Areas of fill also present a problem. The time needed to develop soil wetness morphology within fill material is variable. Depending upon the kind of fill soil texture, presence of organic matter, kind of vegetative cover and chemistry of the ground water, the time needed to develop soil colors in fill material may vary from a few years to several decades or longer.

Soil science provides a powerful tool for interpreting the Estimated Average Seasonal High Water Table level throughout-the-year, even during dry seasons when water tables may not be present. In many situations, trained personnel without a formal soil science education can make reliable interpretations. However, in areas of unique and complex soil conditions or disturbed sites careful consideration of the soil's morphology, the kind of parent materials, the position of the soil in the landscape, and topography need to be assessed by a qualified soil scientist before a determination can be made.

Natural Soil Drainage Classes:

Soils are divided into drainage classes depending on the frequency and duration of periods of saturation or partial saturation during soil formation.

Excessively and somewhat excessively drained soils typically have sandy and gravelly textures within the subsoil and substratum. They have bright colors (strong brown to yellowish brown) in the subsoil that fade gradually with depth. Seldom are there mottles within the upper 5 feet of soil material and water tables are generally below 6 feet.
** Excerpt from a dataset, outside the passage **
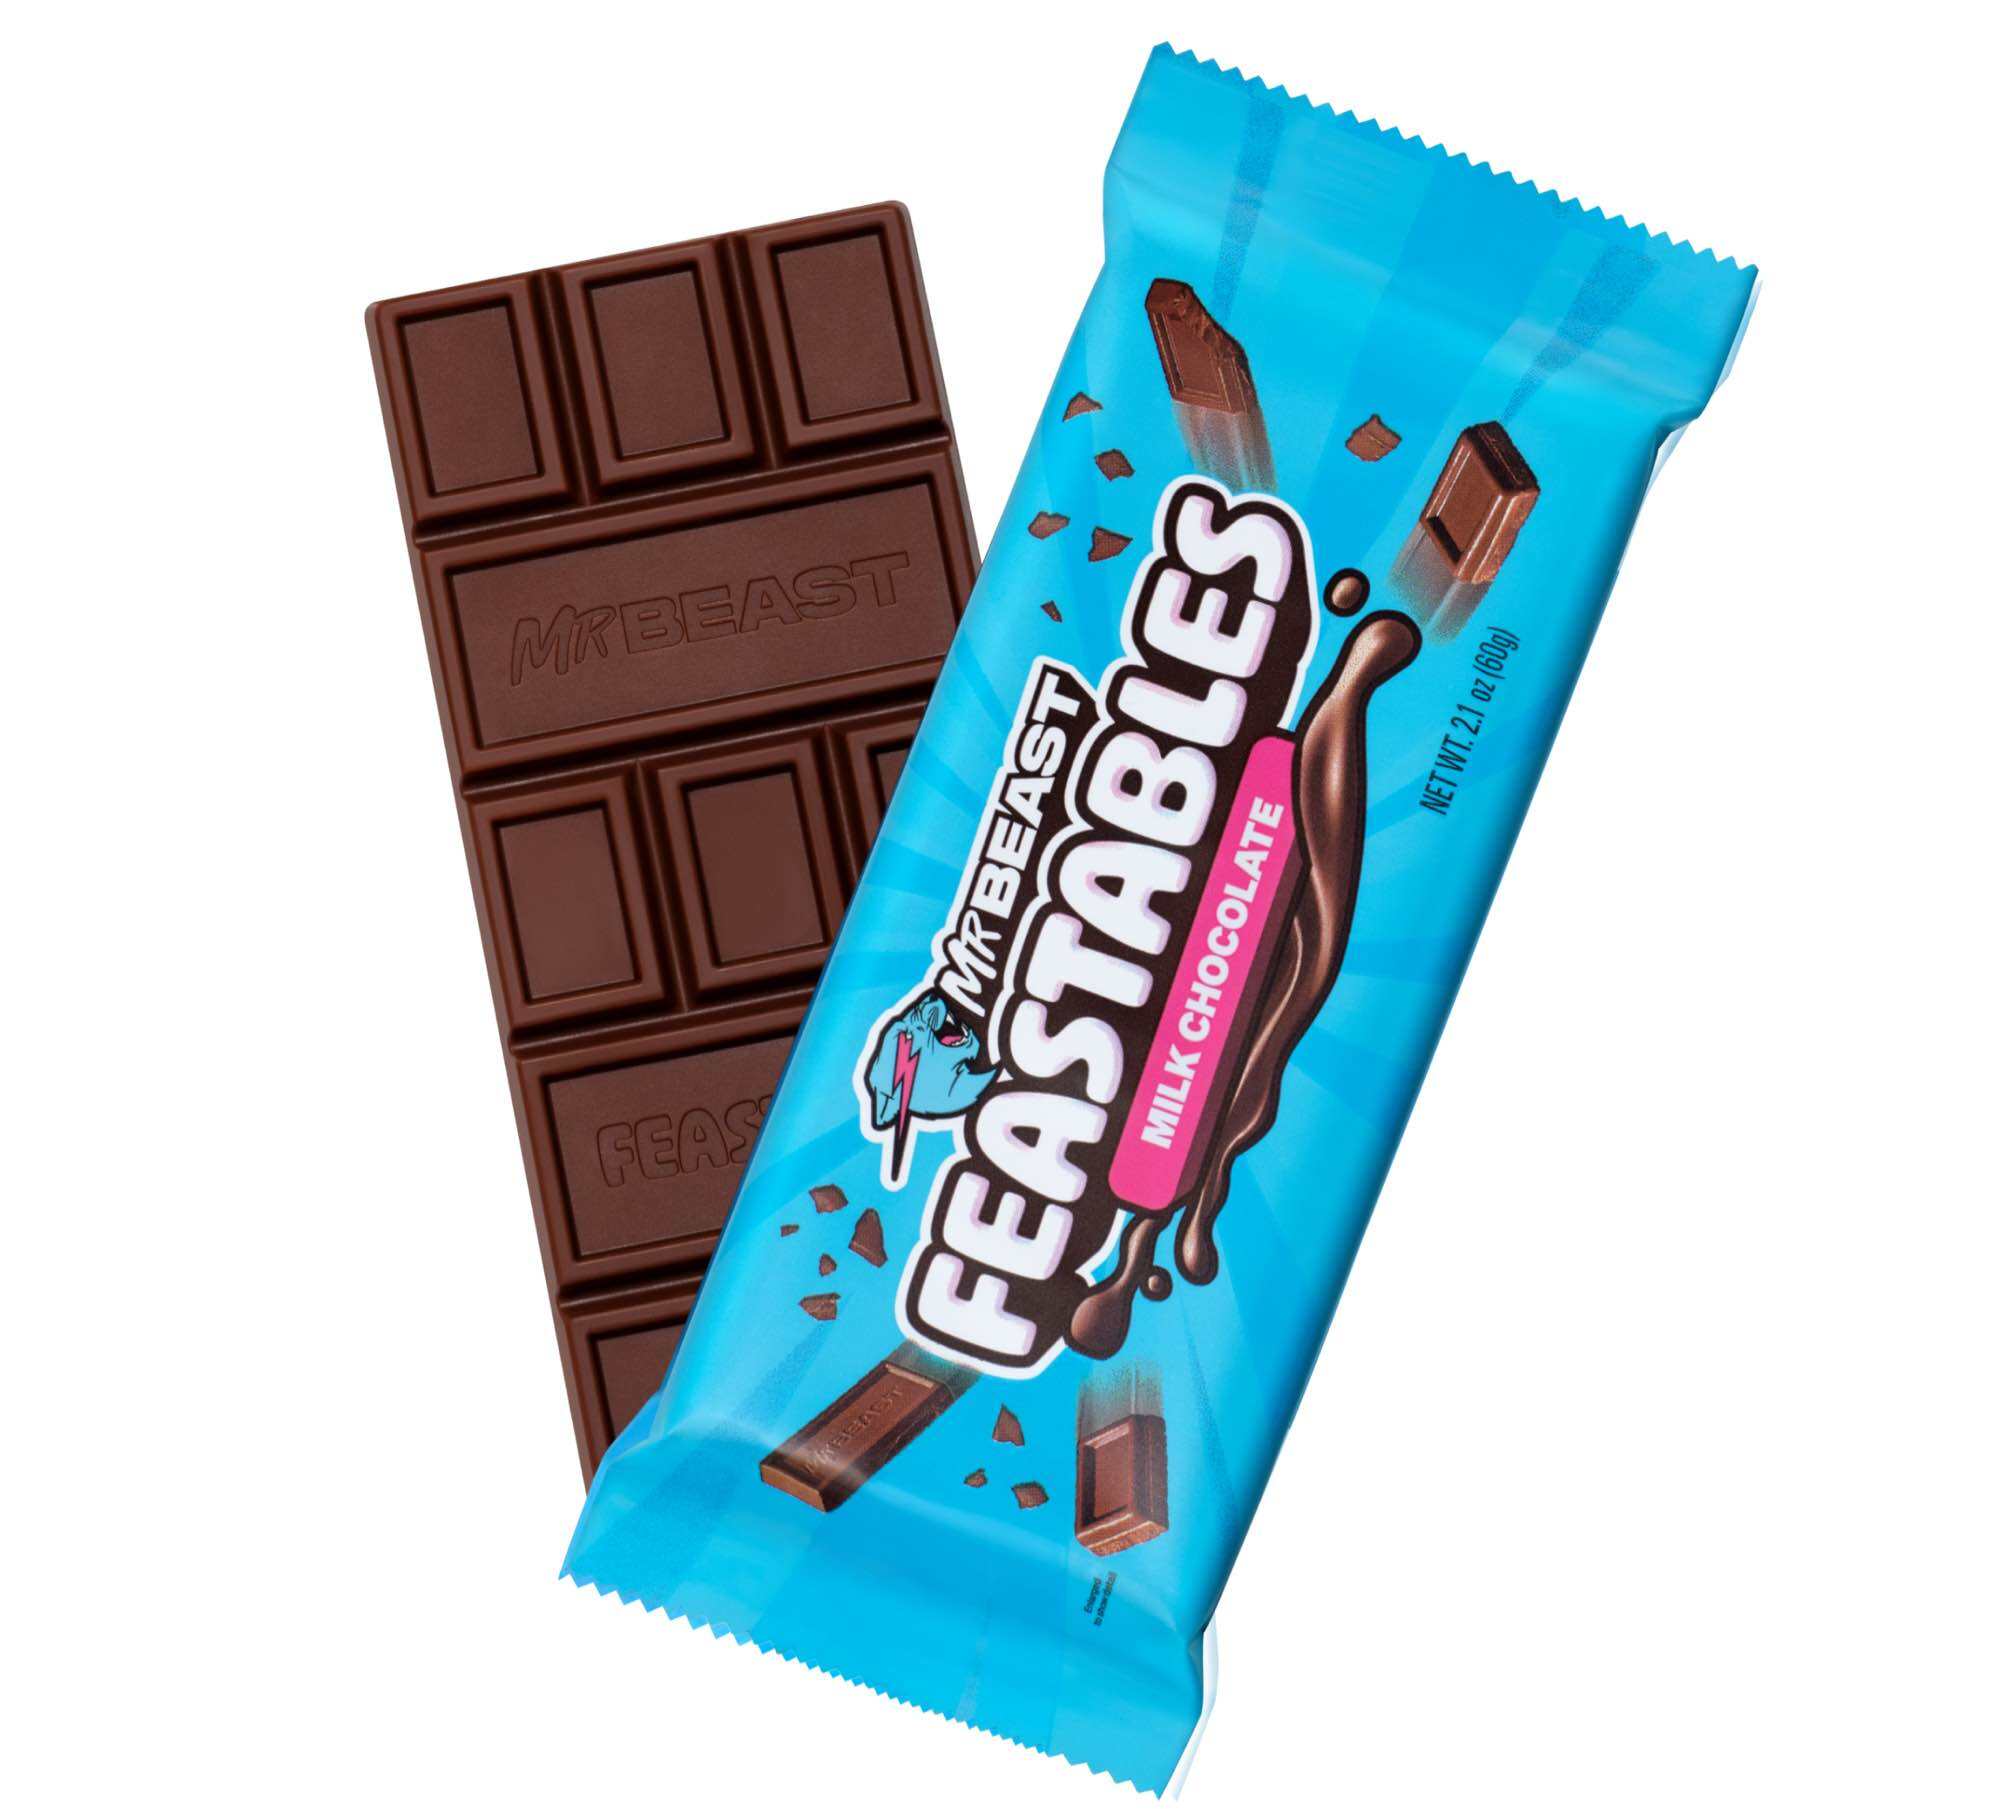 Tặng kèm đá gel - Kẹo socola Mỹ bản giới hạn Mr. Beast thanh 60gr Mrbeast

Well-drained soils typically have bright colors in the subsoil that fade gradually with depth. These soils are free of mottling to depths greater than 40 inches. Water tables are generally greater than 6 feet.

Moderately well drained soils generally have bright colors in the upper portion of the subsoil and are mottled between 15 and 40 inches beneath the soil surface. These soils are wet for a short but significant part of the year. Moderately well drained soils commonly have a restrictive layer, seepage water, or a seasonal high ground water table at a depth of 24 to 40 inches.

Somewhat poorly drained soils generally have grayish (chroma 3 or 4) subsoils underlain within 24 inches by horizons with low chroma dominant colors. The upper subsoil may or may not have mottles. Seasonal water table is between 12 to 24 inches.

Poorly drained soils typically have a blackish surface layer that is underlain by a gray subsoil that is mottled. These soils have a water table at or near the surface for a significant portion of the year.

Very poorly drained soils typically have ponded water on the surface or a water table at or near (<6" below) the surface for most of the year. Very poorly drained soils can be divided into those that developed in mineral deposits and those that developed in organic material. Very poorly drained mineral soils have a dark (black) organic surface layer underlain by a gray (gleyed) subsoil and substratum. Very poorly drained organic soils developed in thick, dark (often black) deposits of partially or well-decomposed organic matter, and are black in the topsoil, subsoil, and substratum.

 

REFERENCES

Munsell Color. 1990. Munsell soil color charts. Munsell Color, 2441 North Calvert Street, Baltimore, MD 21218.

Soil Survey Staff. 1951. Soil survey manual. U.S. Dept. Agric. Handbook No. 18, U.S. Government Printing Office, Washington, DC.